Then there were drawings of war, of soldiers, of holy places and camps and horses dressed up for battle. Saracens dressed in their armour, weapons of war.
Nicolò gasped softly as his own face stared up at him from the pages of that book.
“I dream of you,” Yusuf said softly, and reached out to touch the page of the book.
Nicolò looked up at him, saw the confusion and the warmth in those dark eyes. That yearning that Nicolò himself had felt ever since he had killed Yusuf the first time on the battlefield. He looked back down at the book and turned the page, to find more drawings of himself. His face peaceful in death, his face full of fury with his sword raised high. His face painted by tears and etched with sorrow. His face surrounded by the wings of an angel.
“You draw me?” he asked dumbly, looking up at Yusuf, still not believing what he was seeing.
Yusuf shrugged his shoulder and tilted his head, then nodded.
“When I cannot sleep, I draw. Since that day, I draw you, because I draw my dreams. Maybe this is why…” he said and reached out to gently ease the book from Nicolò’s hands. He looked up and cleared his throat. “They found my book,” he continued, closing the book. “My soldiers, they found my book, looked at it. They saw your picture, and for five days I had to fight to convince them that I was not a spy. That I was just drawing my nightmares. That these pictures were not of anyone in particular, but just how I saw the Franks.”
“The Franks?” Nicolò asked, unfamiliar with the word.
“Your people,” Yusuf explained and gave him a little grin.
“Crusaders,” Nicolò corrected, and Yusuf responded with a frown.
“To us, you are Franks,” he corrected in return, and then pursed his lips as he asked, “What are we to you?”
“Saracens,” Nicolò answered immediately, and Yusuf started to laugh.
“I am not a Saracen. I am from Maghrib,” Yusuf said, as if that explained anything. Yes, Nicolò knew where the Maghrib was, he had even been to Maghrib al-Aqsa once with his father when he was young. It was a beautiful place.
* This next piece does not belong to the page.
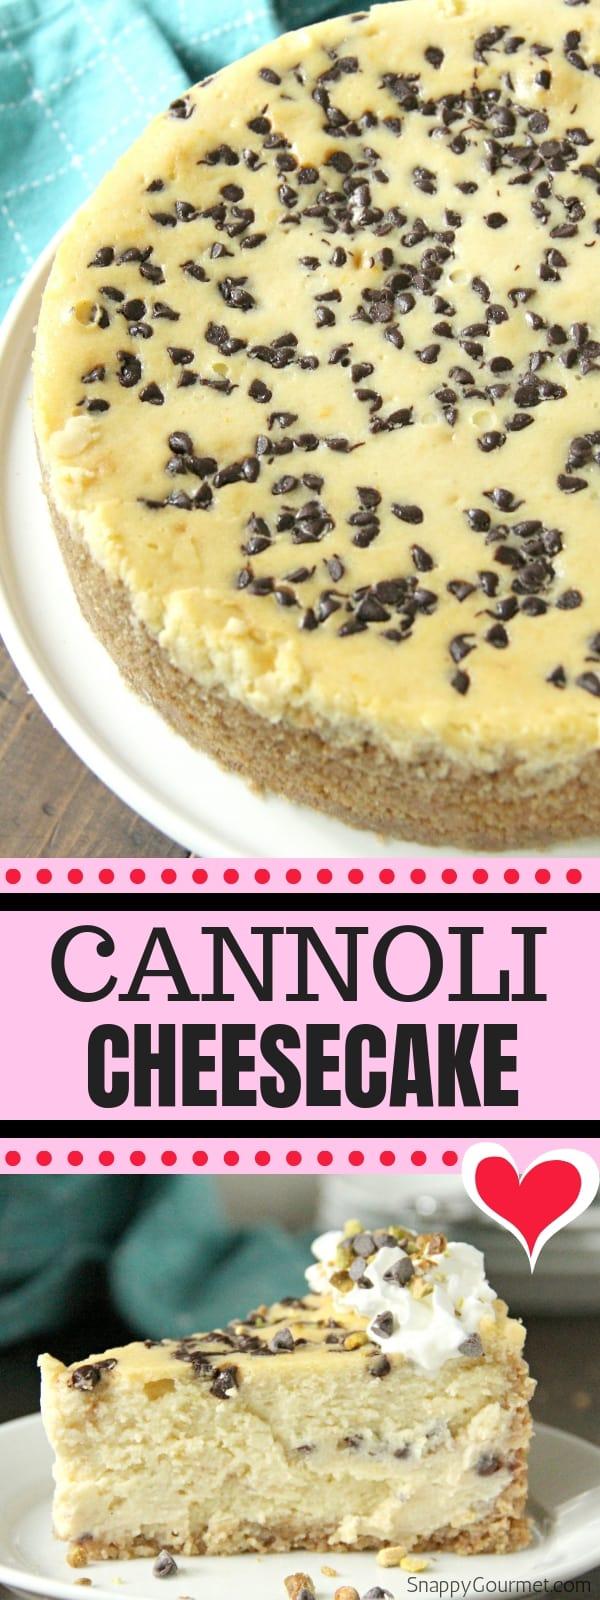 cannoli cheesecake collage

“There is a difference?” Nicolò asked, feeling stupid the moment the words left his mouth.
“Is there a difference between a Frank from the North, and a Frank from where you call home?” Yusuf asked with a quirk of his eyebrow, and Nicolò felt himself blush.
“I am from Genova,” Nicolò said, and Yusuf let out a small sound of recognition.
“I know that name,” he said, and smiled, showing his pearly white teeth again. “I sometimes traded with the sailors from there, for little things. I did not trade in salt, so, I had no business with them, but the sailors were easy to trade with for little trinkets, or small amounts of fabrics.”
“My father is a salt trader,” Nicolò said quietly, and looked down. A chill ran through him as the cold night breeze blew through the tent, and then he gasped.
He was naked.
Nicolò grabbed the coarse blanket that covered him and pulled it up to his chest, looking at Yusuf with wide eyes.
“Where are my clothes?” he asked in shock, and Yusuf frowned at him.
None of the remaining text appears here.